Sorry this next part you already have but others might not have gotten this far:
First you need to calibrate your camera which will give you the camera matrix and distortions (intrinsic properties) for each camera.
https://docs.opencv.org/master/dc/dbb/tutorial_py_calibration.html
You only need those two and can dump the rvecs and tvecs because this will change when you set up the camera.
Once you choose your real world coordinate system, you can use cv2.solvePnP to get the rotation and translation vectors. To do this you need a set of real world points and their corresponding coordinates in the camera for each camera. My trick was I made some code that would show an image of the field and I would pass in points. Then I would click on locations on the image and create a mapping. The code for this bit is a bit lengthy so I won't share it here unless it is requested.
cv2.solvePnP
will give you a vector for the rotation matrix, so you need to convert this to a 3x3 matrix using the following line:
`R, jac = cv2.Rodrigues(rvec)`
So now back to the original question:
You have the 3x3 camera matrix for each camera. You have the 3x3 rotation matrix for each camera. You have the 3x1 translation vector for each camera. You have some (u, v)
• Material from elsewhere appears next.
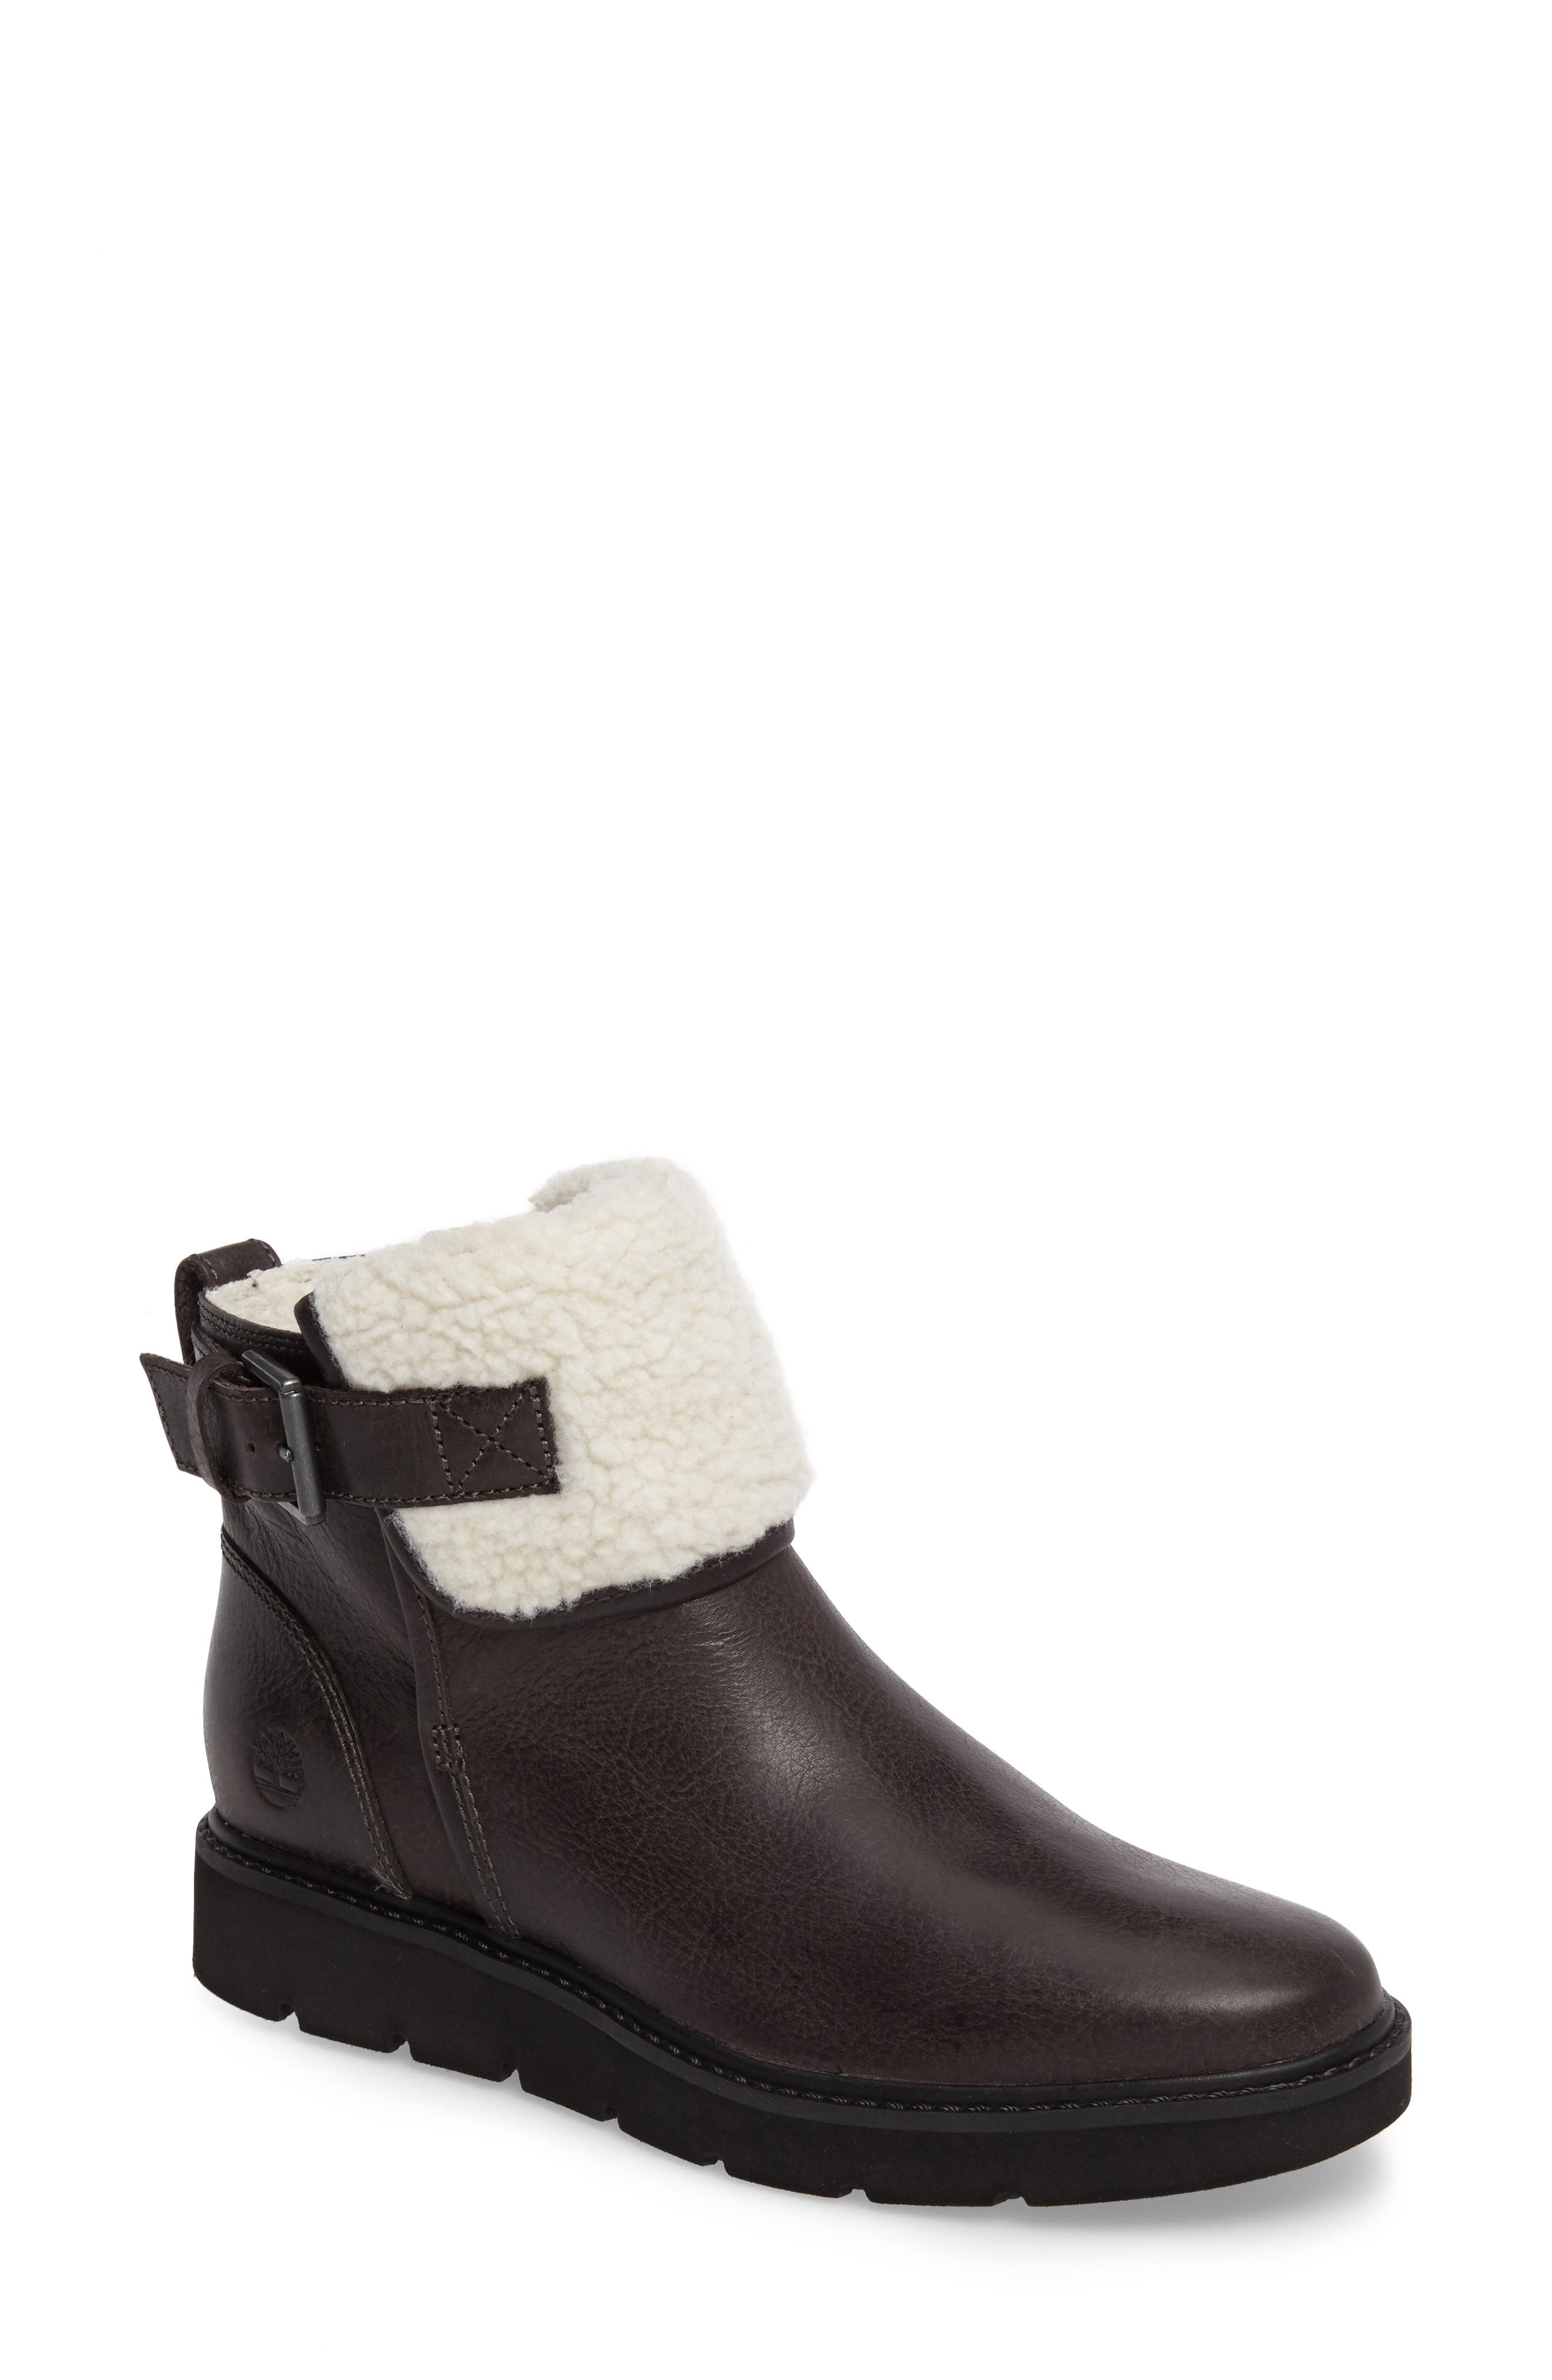 Kenniston Fleece Lined Boot,                             Main thumbnail 1, color,                             021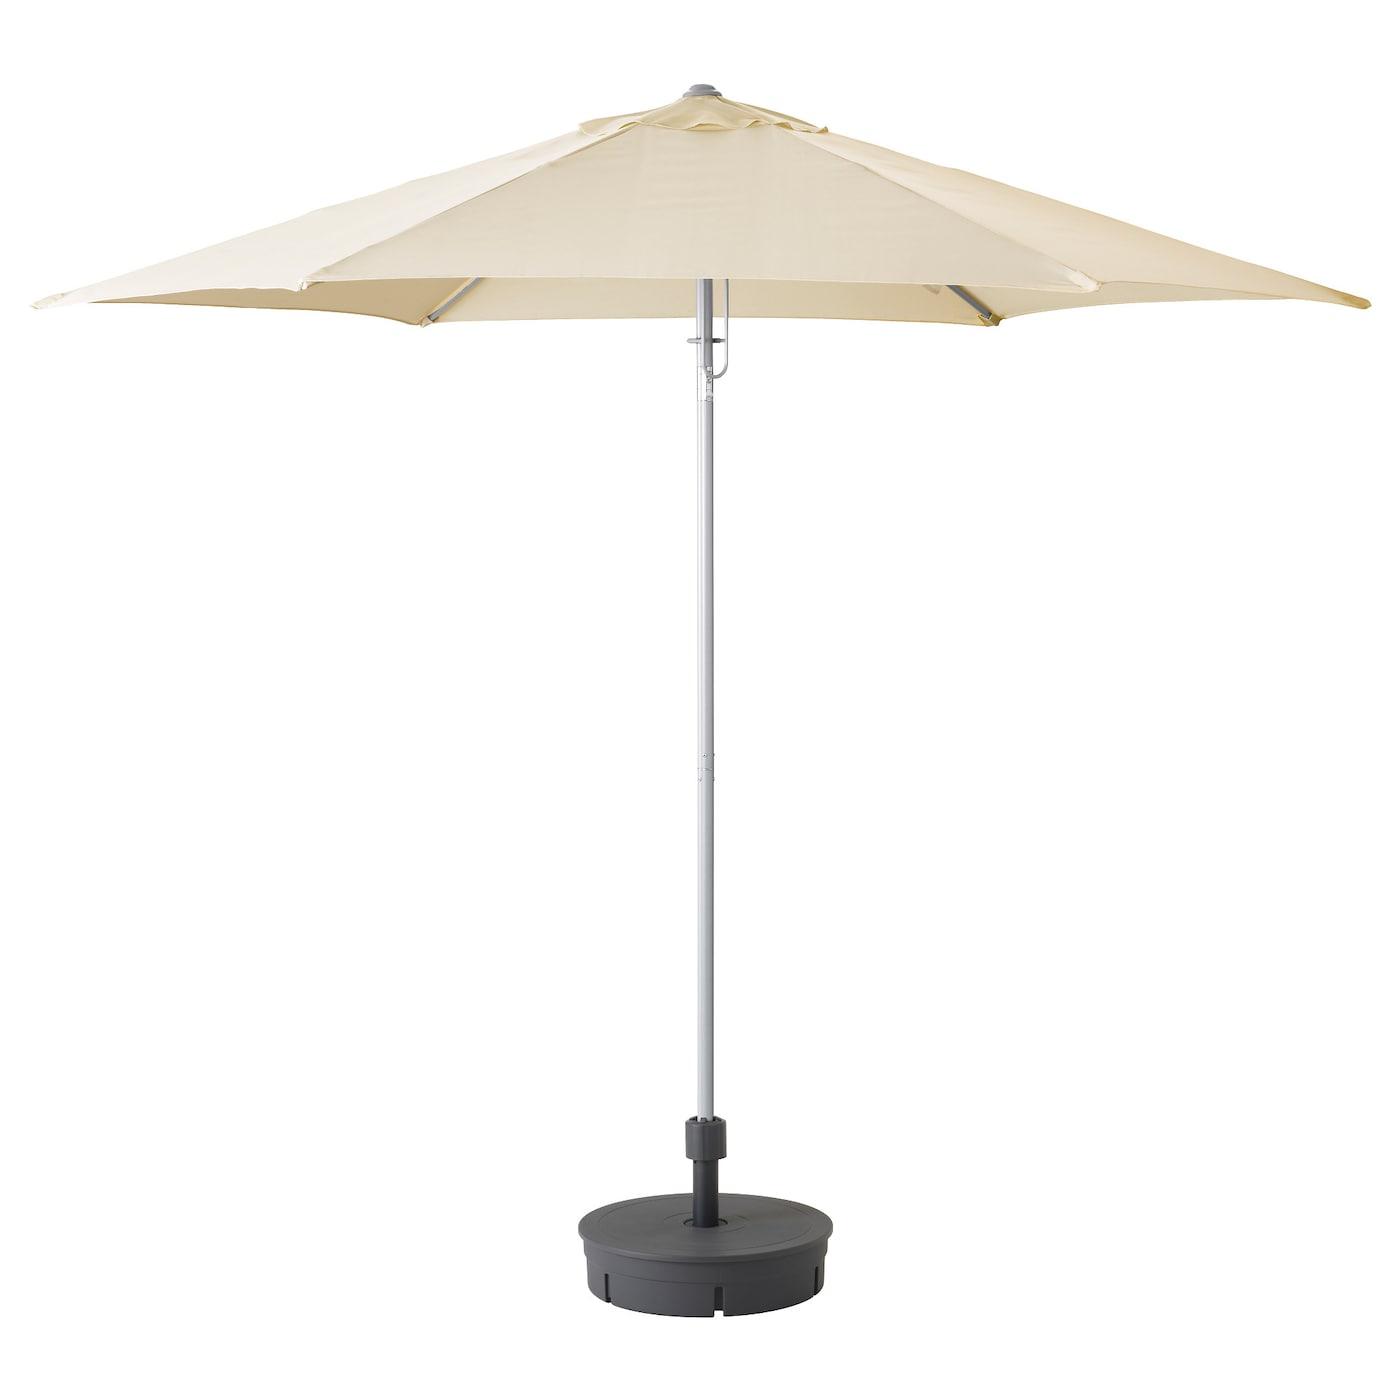 Ikea Schirmständer lökö sonnenschirmfuß ikea

coordinate for where the object of interest is in each camera. The math is explained more in the image of the notes.
import numpy as np
def get_xyz(camera1_coords, camera1_M, camera1_R, camera1_T, camera2_coords, camera2_M, camera2_R, camera2_T):
# Get the two key equations from camera1
camera1_u, camera1_v = camera1_coords
# Put the rotation and translation side by side and then multiply with camera matrix
camera1_P = camera1_M.dot(np.column_stack((camera1_R,camera1_T)))
# Get the two linearly independent equation referenced in the notes
camera1_vect1 = camera1_v*camera1_P[2,:]-camera1_P[1,:]
camera1_vect2 = camera1_P[0,:] - camera1_u*camera1_P[2,:]
# Get the two key equations from camera2
camera2_u, camera2_v = camera2_coords
# Put the rotation and translation side by side and then multiply with camera matrix
camera2_P = right_M.dot(np.column_stack((camera2_R,camera2_T)))
# Get the two linearly independent equation referenced in the notes
camera2_vect1 = camera2_v*camera2_P[2,:]-camera2_P[1,:]
camera2_vect2 = camera2_P[0,:] - camera2_u*camera2_P[2,:]
# Stack the 4 rows to create one 4x3 matrix
full_matrix = np.row_stack((camera1_vect1, camera1_vect2, camera2_vect1, camera2_vect2))
# The first three columns make up A and the last column is b
A = full_matrix[:, :3]
b = full_matrix[:, 3].reshape((4, 1))
# Solve overdetermined system. Note b in the wikipedia article is -b here.
# https://en.wikipedia.org/wiki/Overdetermined_system
soln = np.linalg.inv(A.T.dot(A)).dot(A.T).dot(-b)
return soln